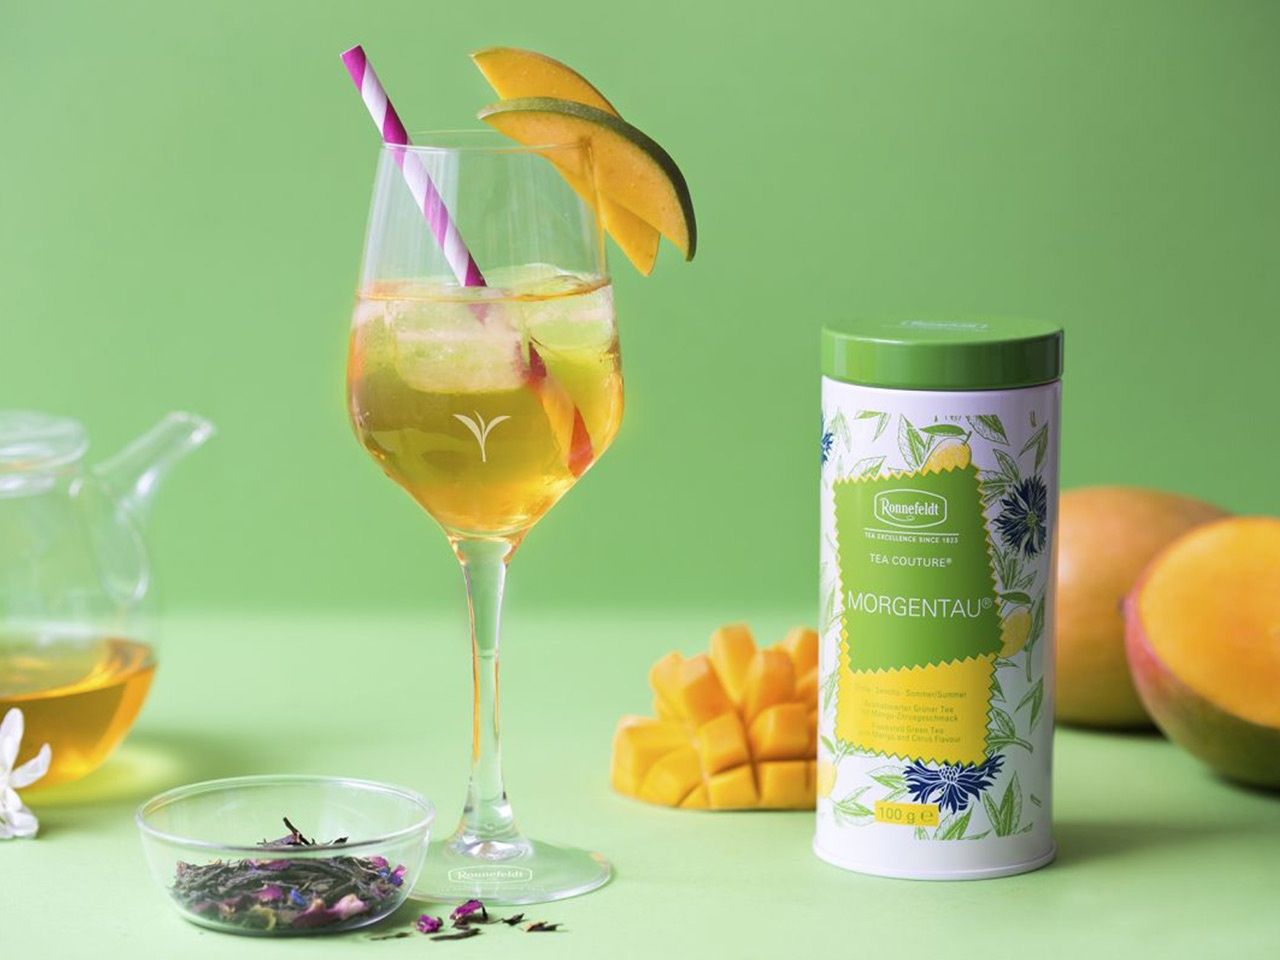 Bild von Morgentau-Cocktail im Glas mit Ronnefeldt TeaCouture Morgentau Dose
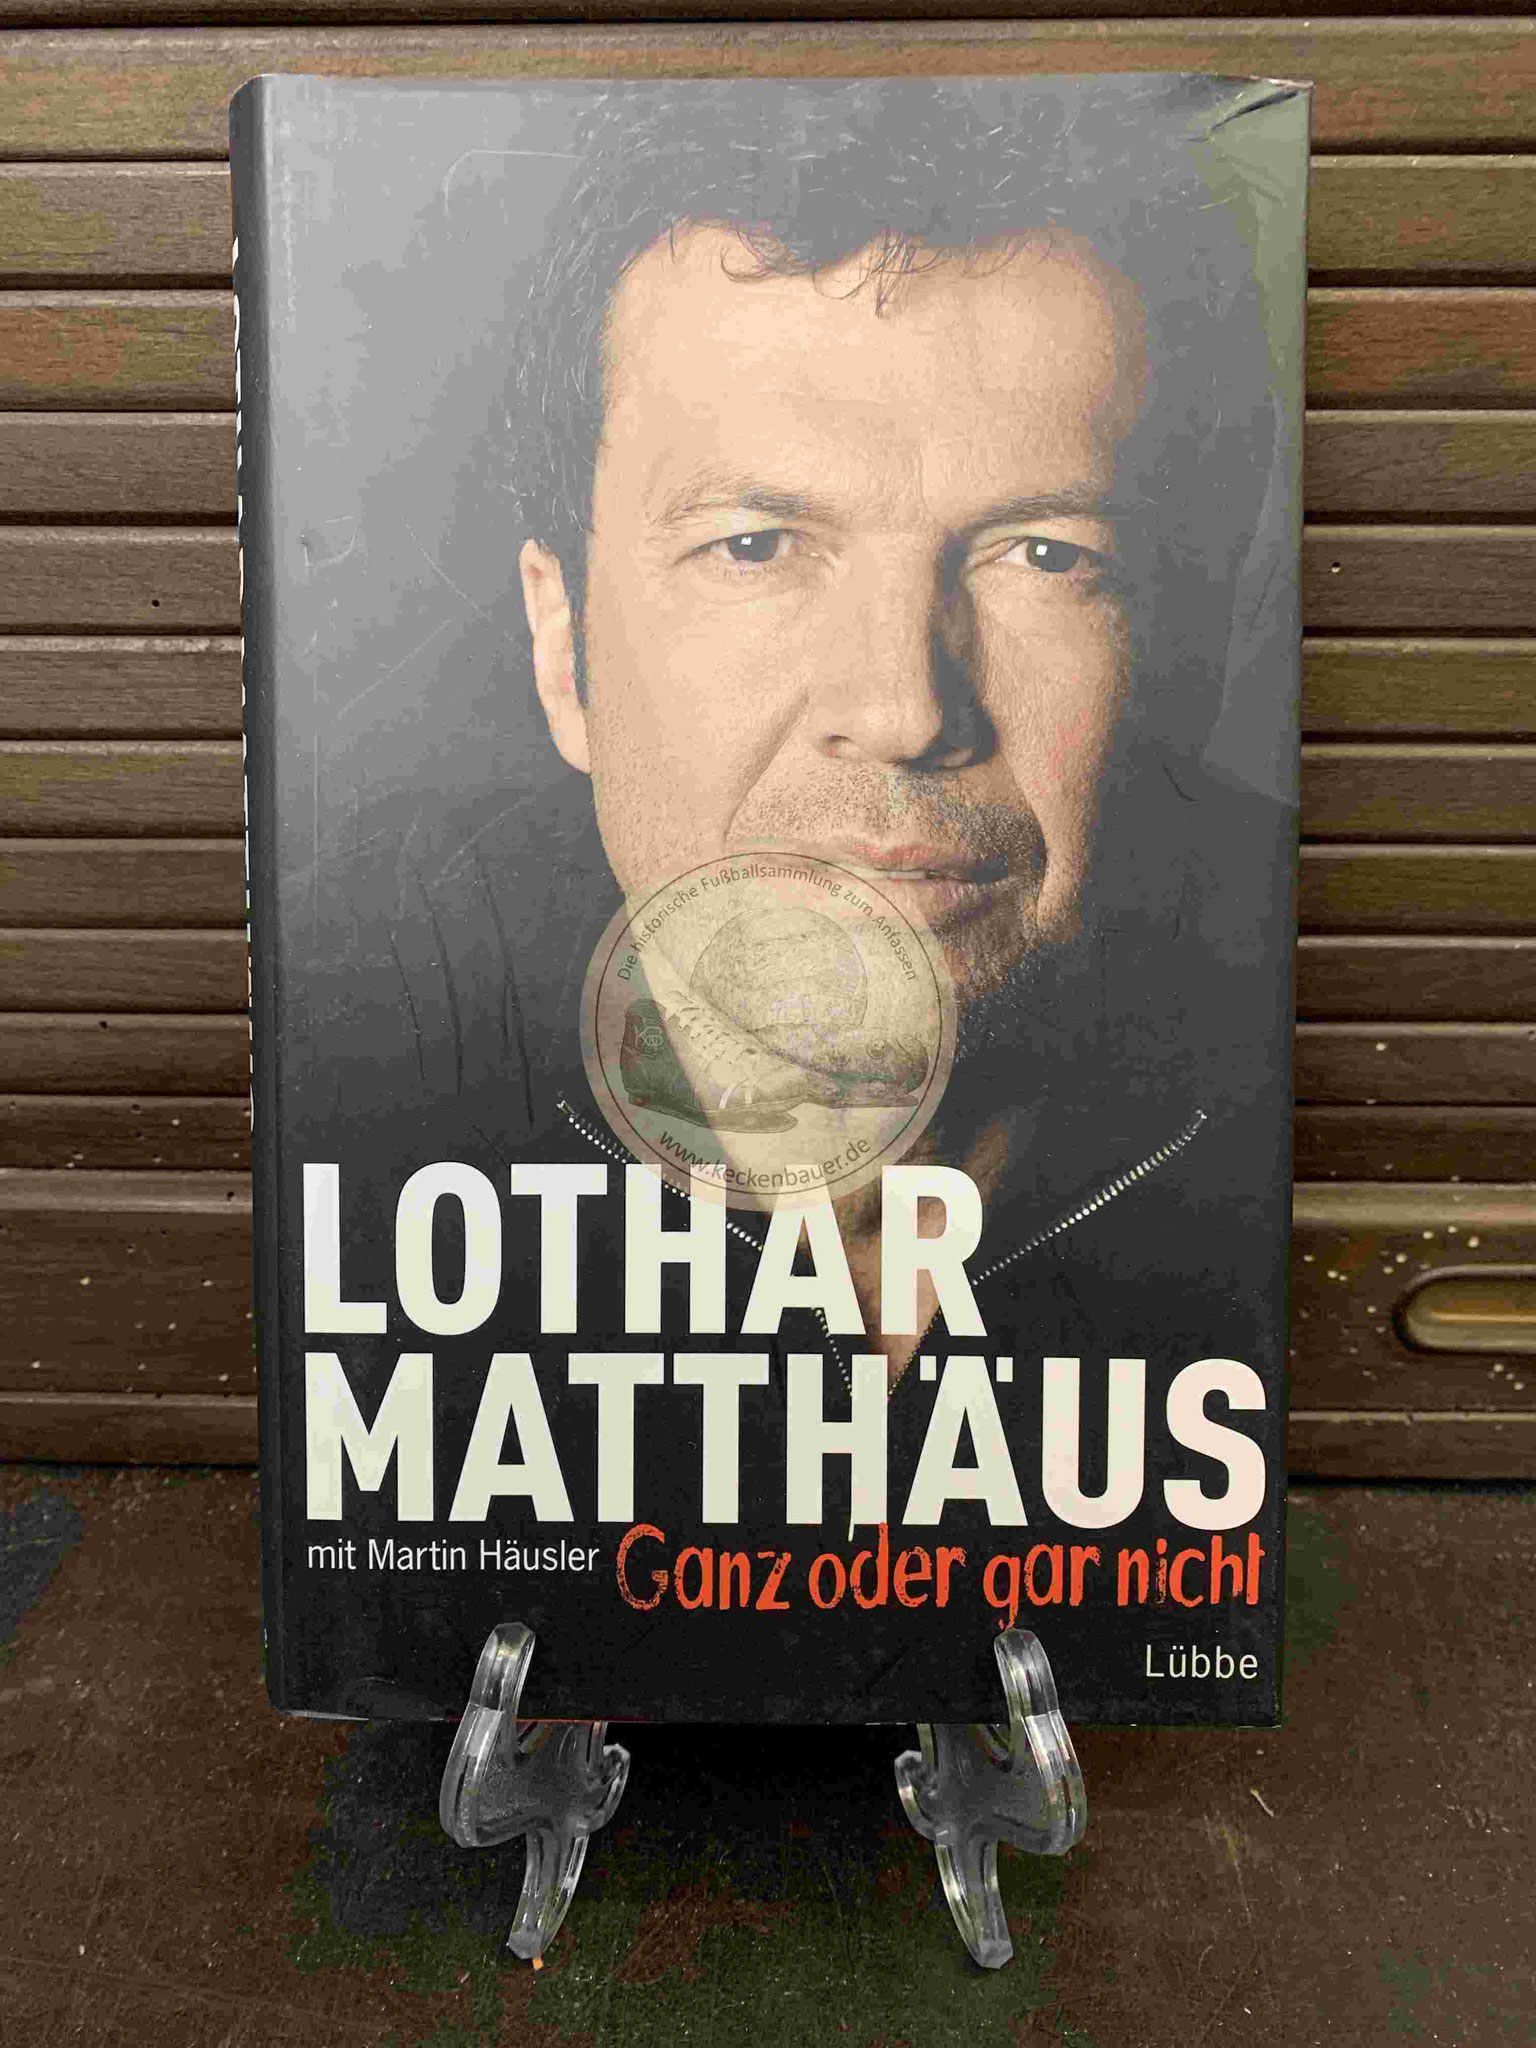 Lothar Matthäus Ganz oder gar nicht aus dem Jahr 2012
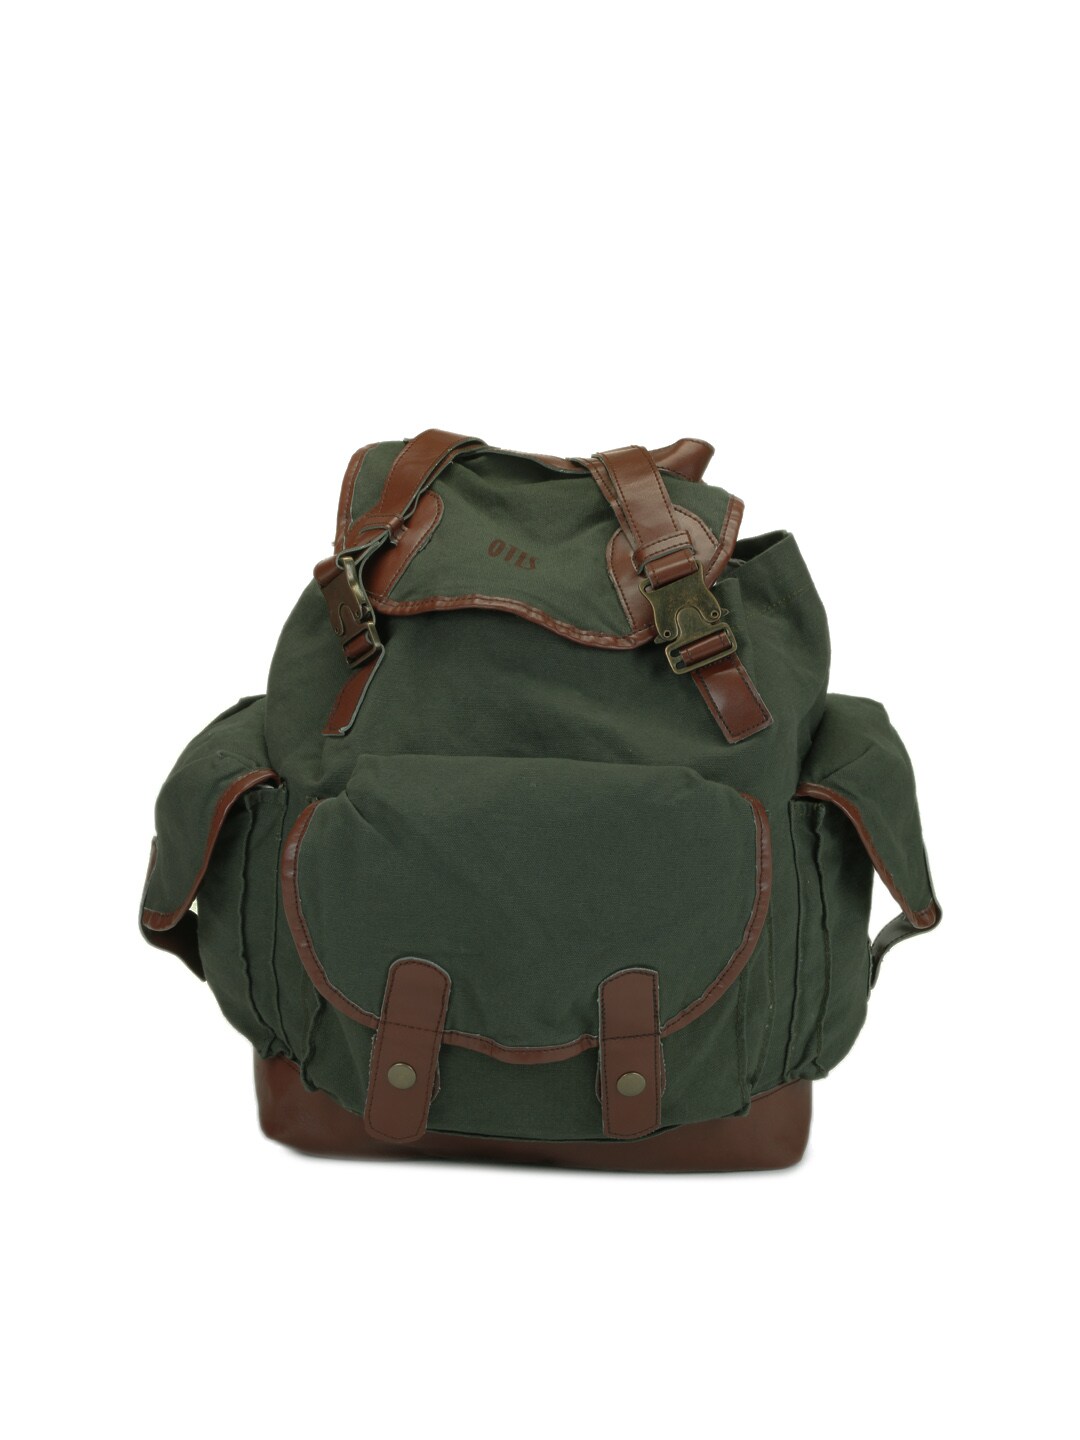 OTLS Unisex Olive Green Backpack
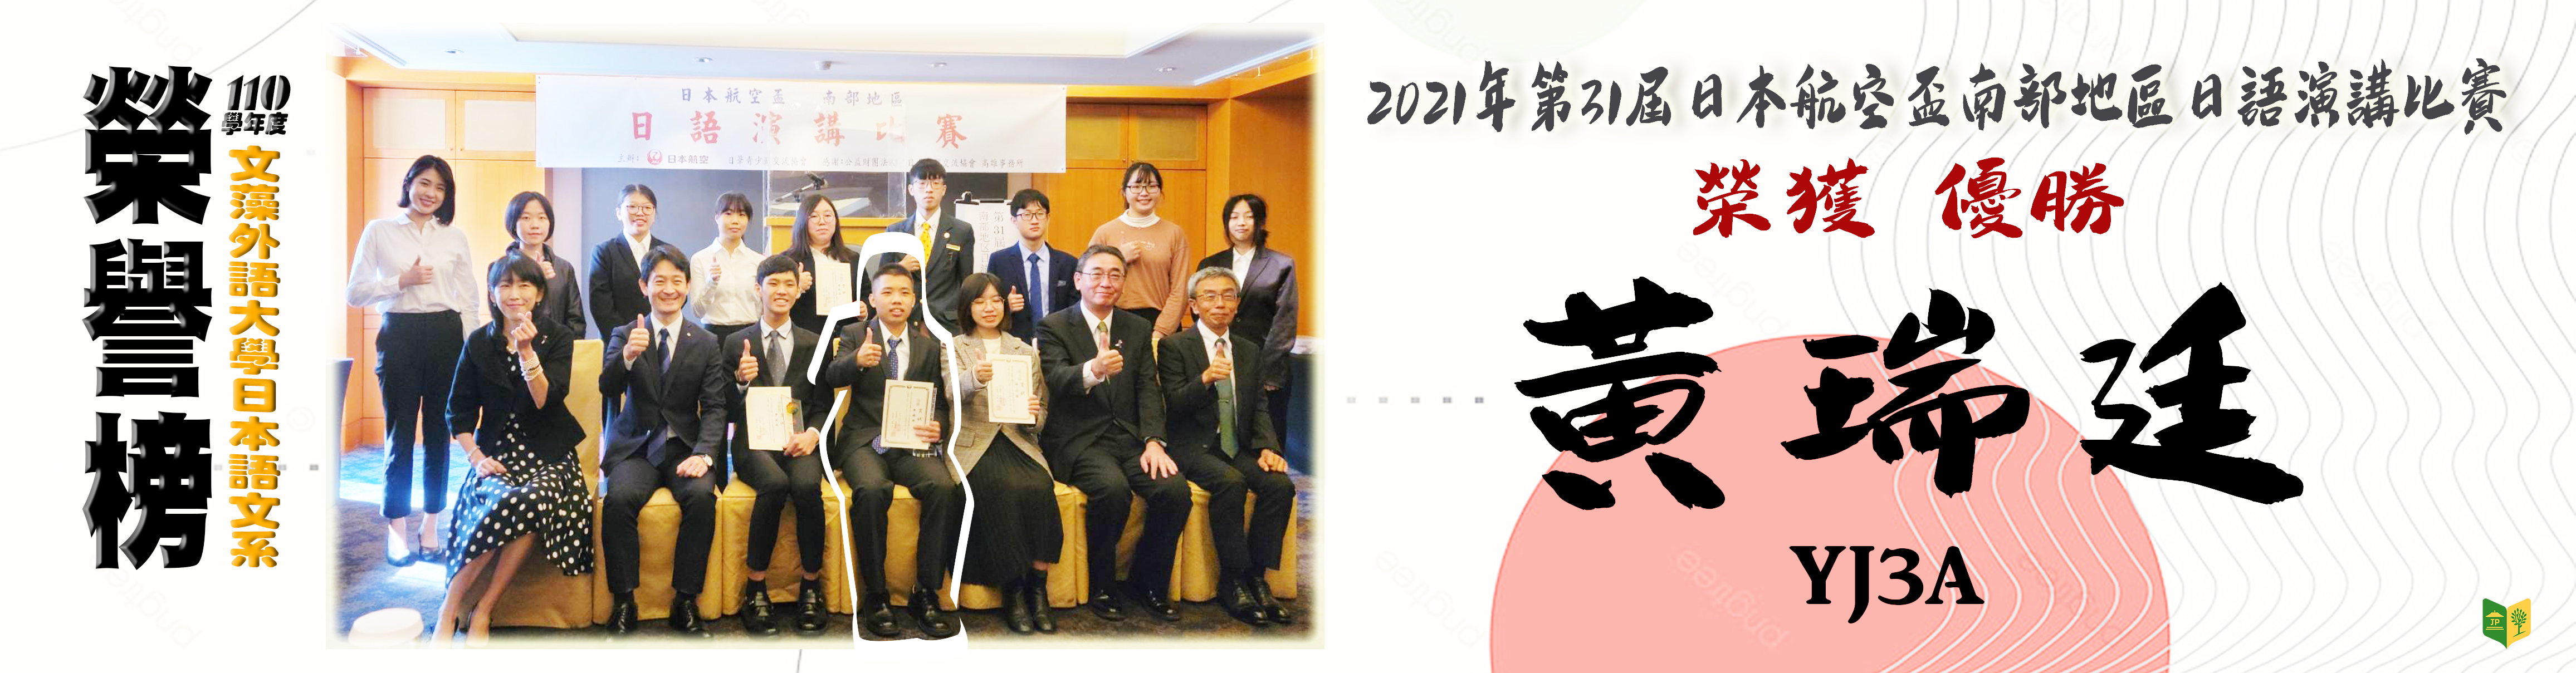 2021年第31屆日本航空盃南部地區日語演講比賽(另開新視窗)

════

■ Work item: Reproduce the listing exactly. The pictures are to be omitted.

■ Response below:
 Bild von Morgentau-Cocktail im Glas mit Ronnefeldt TeaCouture Morgentau Dose
 Lothar Matthäus Ganz oder gar nicht aus dem Jahr 2012
 OTLS Unisex Olive Green Backpack
 2021年第31屆日本航空盃南部地區日語演講比賽(另開新視窗)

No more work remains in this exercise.